Work order | Please reproduce the entries below exactly, starting at the first line and ending with the line that holds "trones shoe cabinet".

Raw data |
┌──
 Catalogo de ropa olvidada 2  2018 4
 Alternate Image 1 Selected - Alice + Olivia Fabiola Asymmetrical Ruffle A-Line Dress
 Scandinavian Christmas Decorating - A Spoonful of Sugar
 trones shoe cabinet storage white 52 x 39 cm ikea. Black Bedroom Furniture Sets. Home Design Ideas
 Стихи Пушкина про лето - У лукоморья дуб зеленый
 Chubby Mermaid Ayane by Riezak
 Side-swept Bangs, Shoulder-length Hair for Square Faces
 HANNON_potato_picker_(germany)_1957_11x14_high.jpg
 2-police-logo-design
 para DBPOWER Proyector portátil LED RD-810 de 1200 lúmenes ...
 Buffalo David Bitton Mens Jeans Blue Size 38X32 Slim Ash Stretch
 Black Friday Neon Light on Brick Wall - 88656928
└──
Answer box |
 Catalogo de ropa olvidada 2  2018 4
 Alternate Image 1 Selected - Alice + Olivia Fabiola Asymmetrical Ruffle A-Line Dress
 Scandinavian Christmas Decorating - A Spoonful of Sugar
 trones shoe cabinet storage white 52 x 39 cm ikea. Black Bedroom Furniture Sets. Home Design Ideas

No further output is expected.